Być może mamy myśleć o tym Nierealny jako rodzaj mikrokosmosu społeczeństwa w tym przypadku: chwila żałoby i winy za naszą własną rolę w tworzeniu kultury, która sprawia, że takie przerażające zdarzenia są możliwe, a potem z powrotem do pracy jak zwykle. W pewnym sensie zawsze było to pęknięte lustro dla białej, patriarchalnej i krótkowzrocznej Ameryki. A może nieprzyjemny import tego odcinka to nieszczęśliwy wypadek. Zajmie co najmniej kilka ostatnich odcinków Nierealny w celu wyjaśnienia.
„Straszne historie do powiedzenia w ciemnościach” zatrudniają pisarzy „The Lego Movie”
Guillermo del Toro ogłosił wczoraj, że Dan i Kevin Hageman - jego zespół pisarski na swoim pokazie Netflix - dołączą do niego w Scary Stories do Tell in the Dark. Bracia Hageman są najbardziej znani z pisania filmu Lego, innego projektu inspirowanego dziełami dla dzieci. „Odpowiedni do tego materiału był tylko ...

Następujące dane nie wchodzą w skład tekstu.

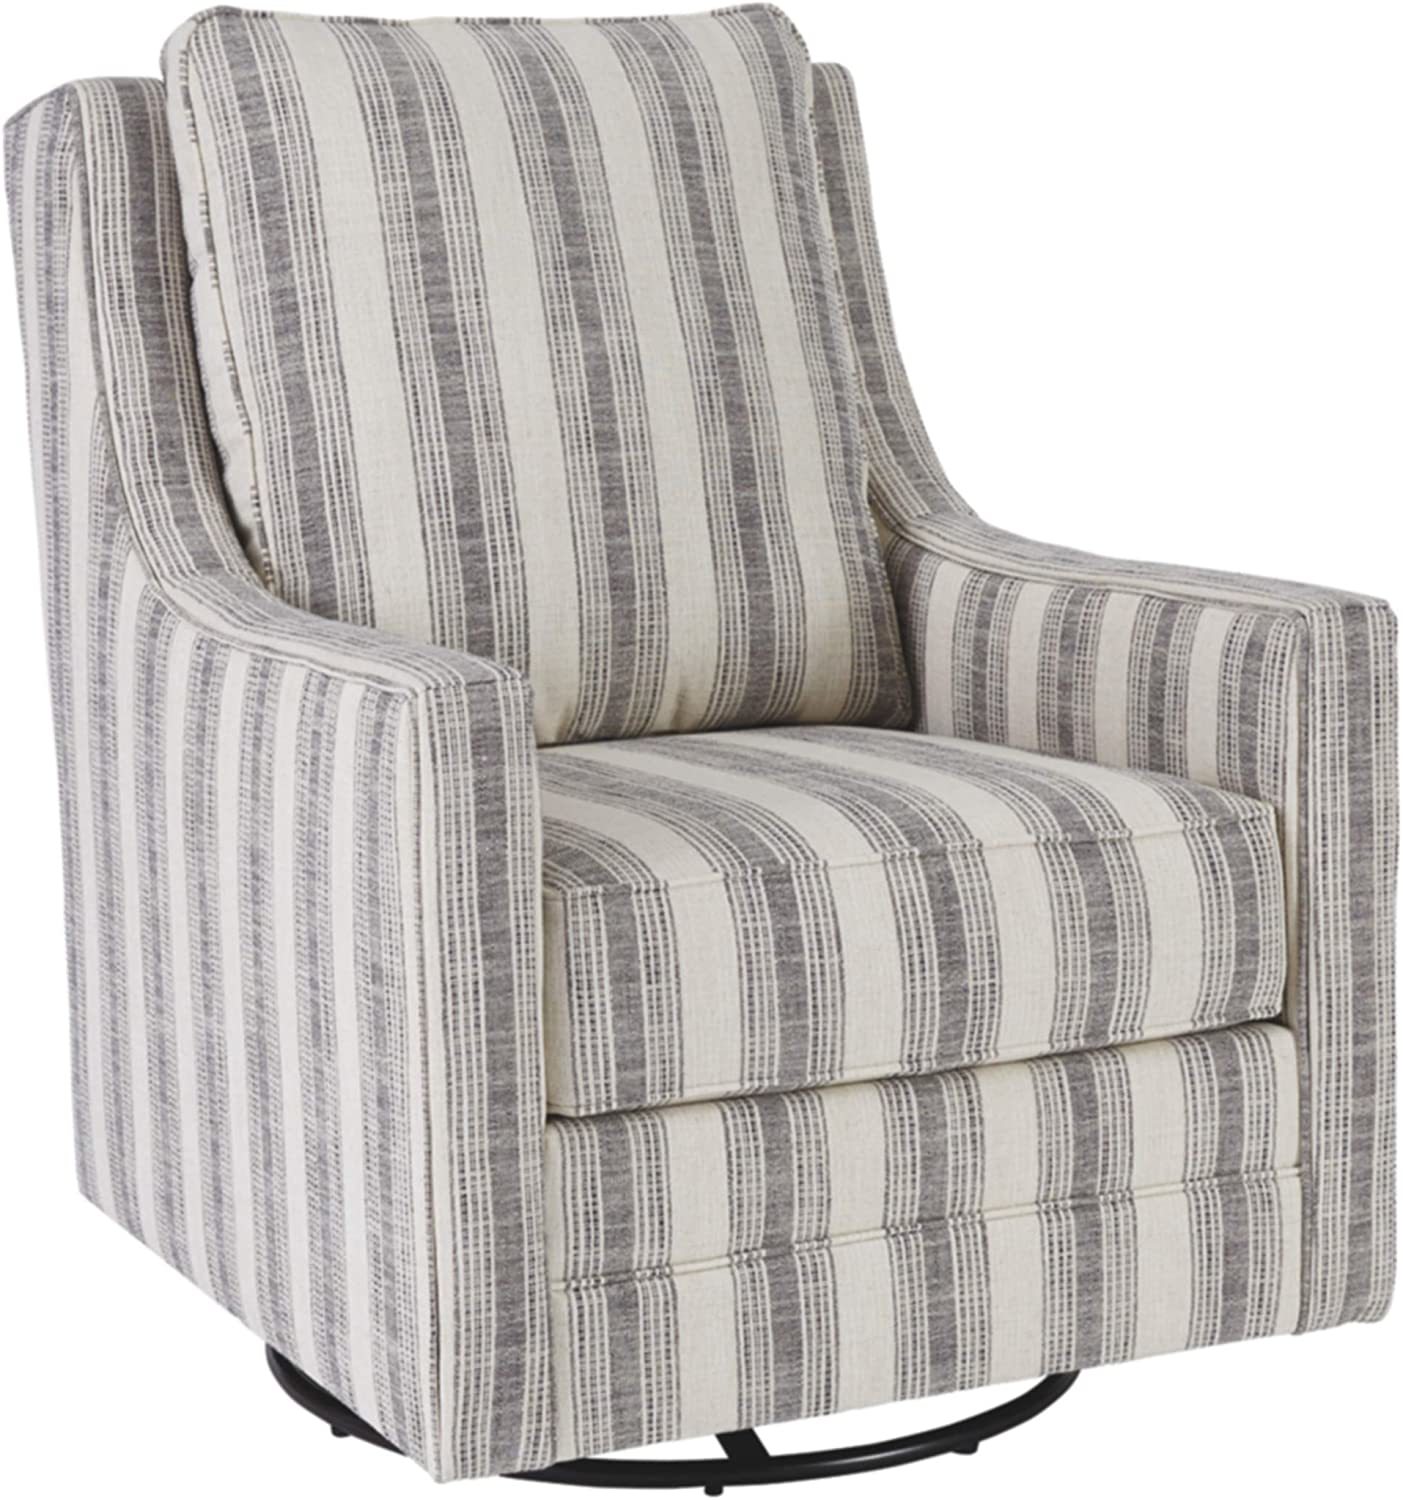 Primary image for Ivory And Black Signature Design By Ashley Kambria Striped Upholstered Swivel

Badania NASA pokazują, że obce życie może być oddychaniem żelazem
Nie wstrzymuj oddechu, ale tlen może nie być tak istotny dla życia biologicznego, jak kiedyś sądziliśmy. Para nowych prac pokazuje, w jaki sposób pewne mikroby ewoluowały zdolność wysysania energii z żelaza, podobnie jak w przypadku tlenu. Maleńkie stworzenia od dawna istniały w pęknięciach ziemi i mogły ...
Joss Whedon uważa, że najgorszy możliwy mściciel powinien być prezydentem
Joss Whedon ujawnił, że wierzy, że Hawkeye, najgorszy mściciel, powinien być prezydentem Stanów Zjednoczonych.